■ WHAT IS BEING ASKED:
In the listing below, find the line with "Beruf und Freizeit" and the line with "Essense Tennis Club", then return them and every line between them exactly, minus the pictures.

■ RECORDS TO PROCESS:
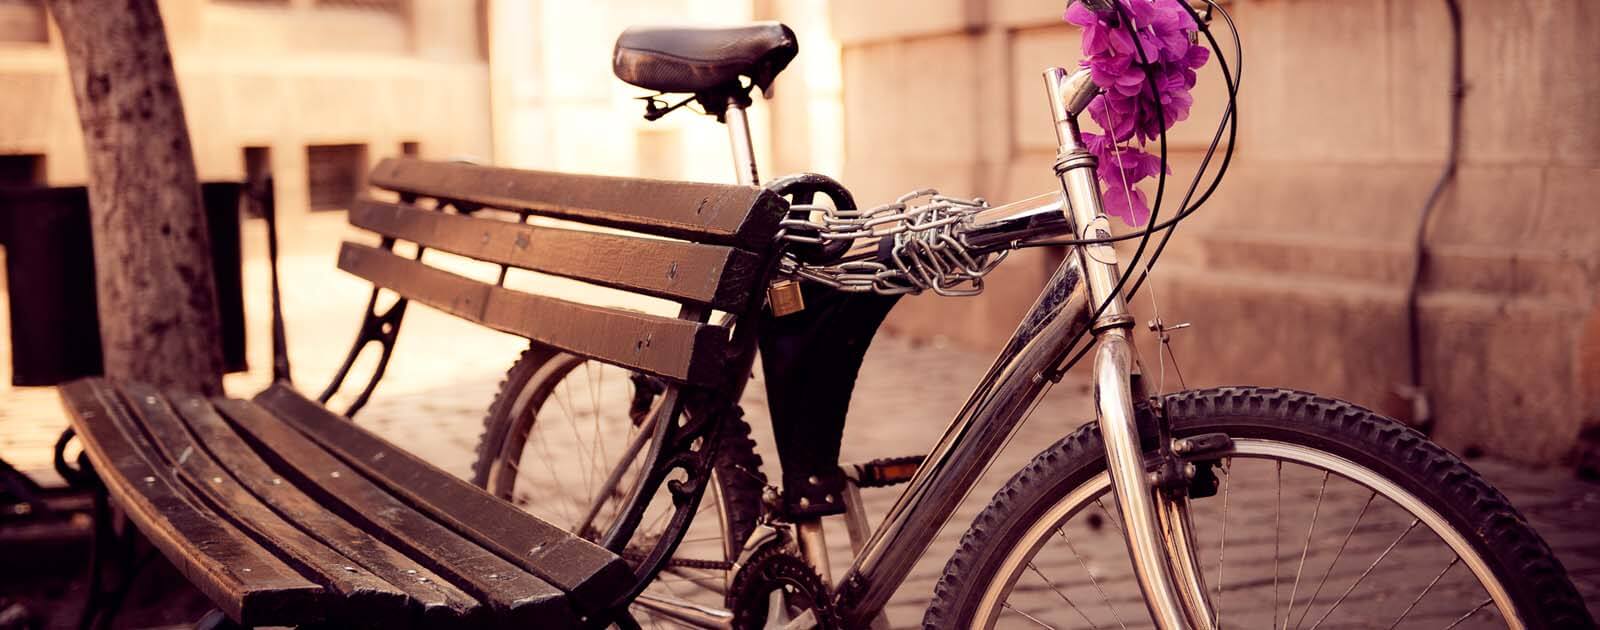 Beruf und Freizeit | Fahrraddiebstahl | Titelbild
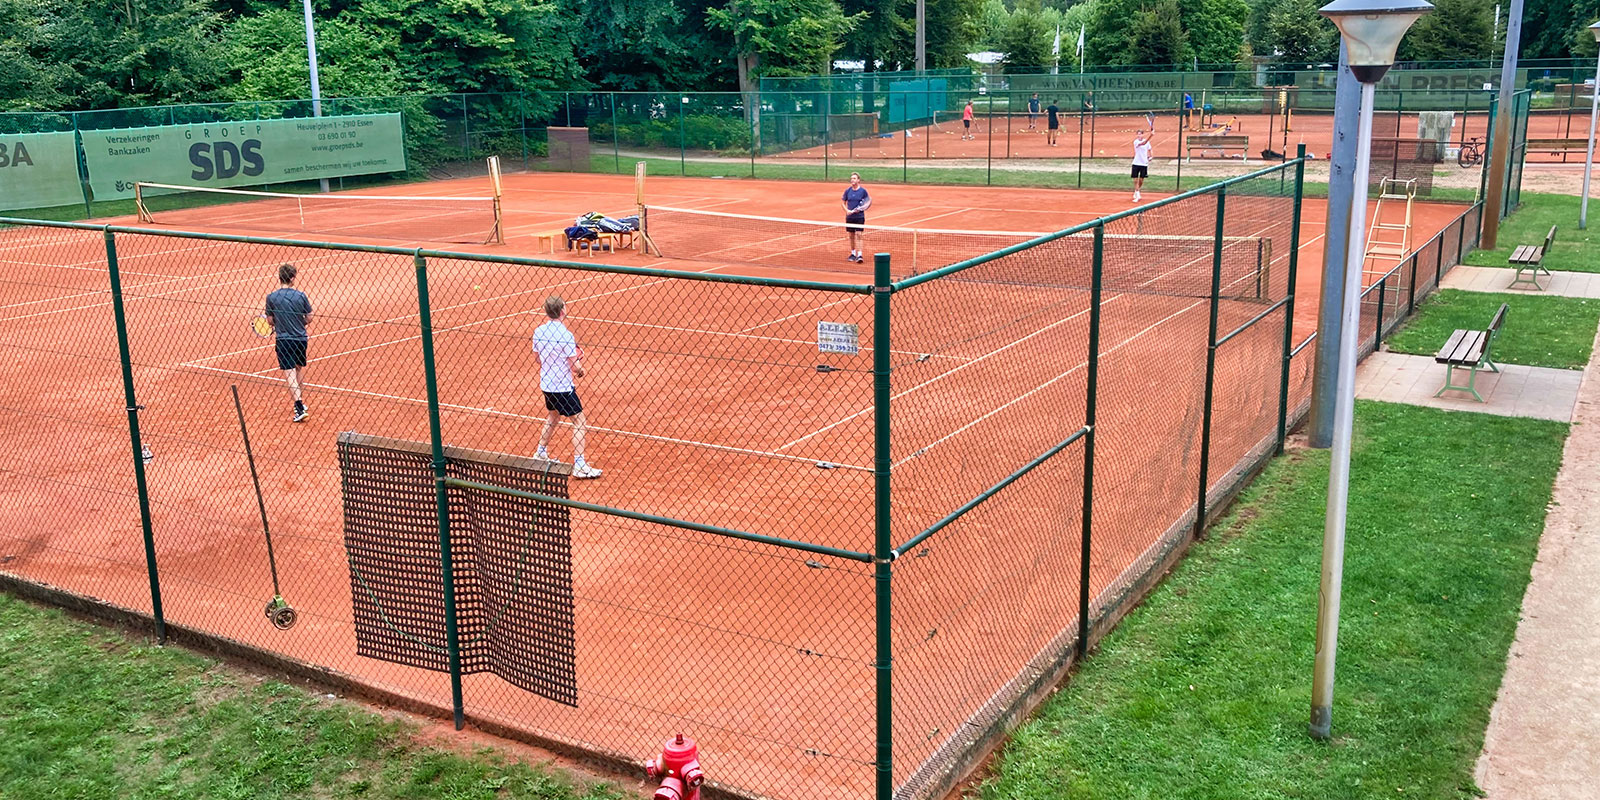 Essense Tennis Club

...

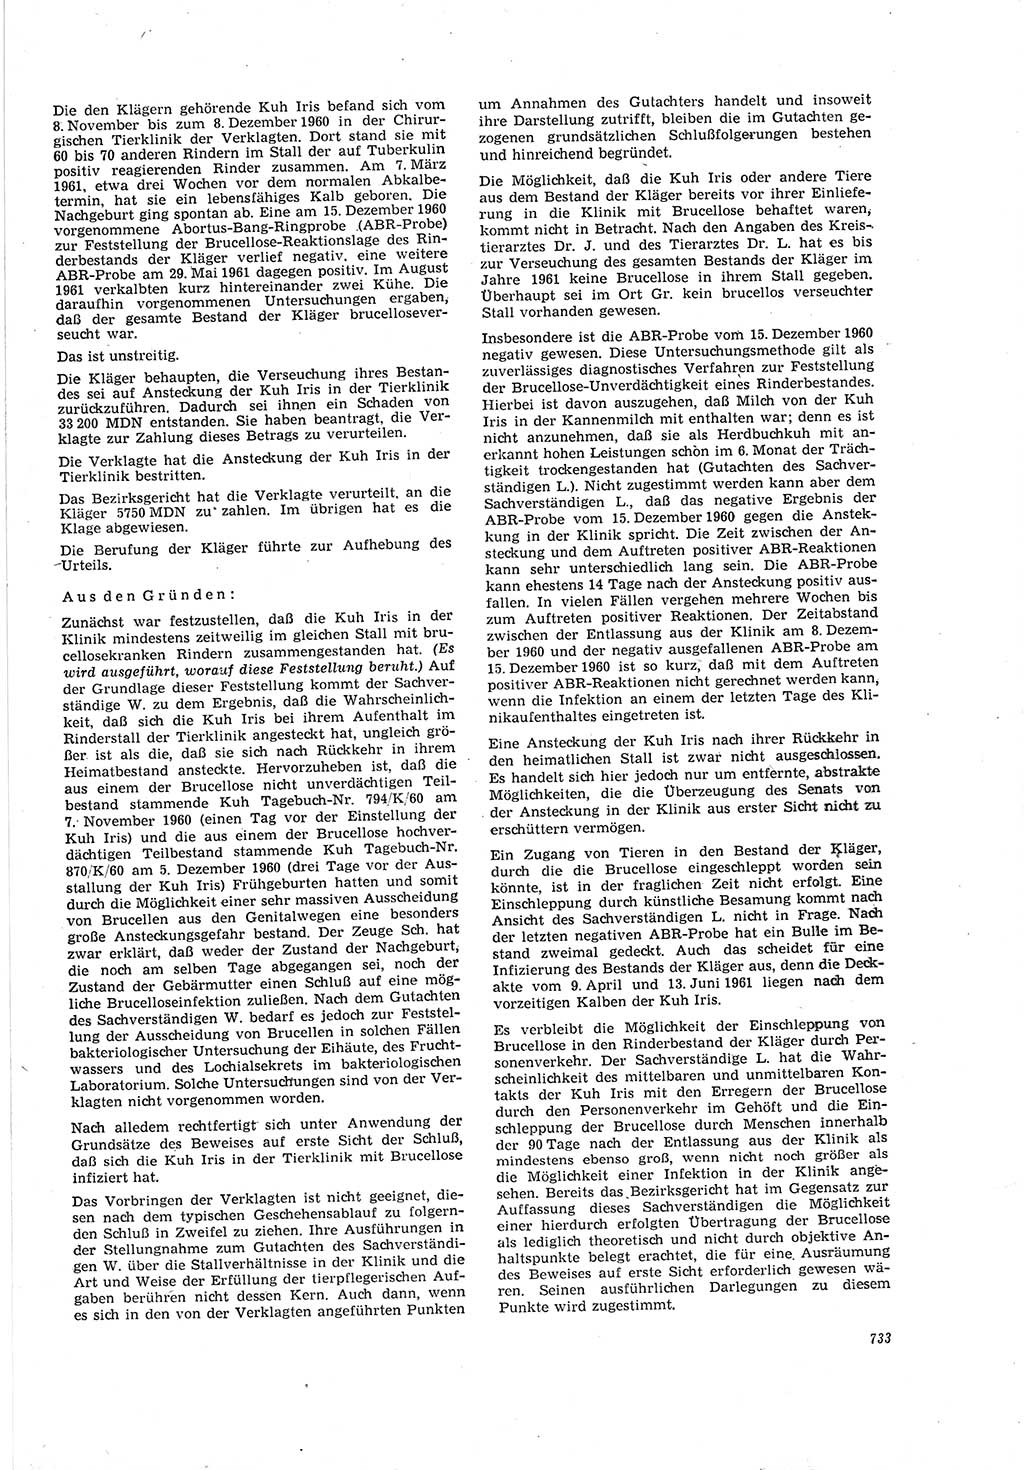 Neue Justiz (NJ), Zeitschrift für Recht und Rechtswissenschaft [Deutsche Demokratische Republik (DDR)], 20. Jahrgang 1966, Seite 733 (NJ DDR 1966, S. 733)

■ RESPONSE TO THE EXERCISE:
 Beruf und Freizeit | Fahrraddiebstahl | Titelbild
 Essense Tennis Club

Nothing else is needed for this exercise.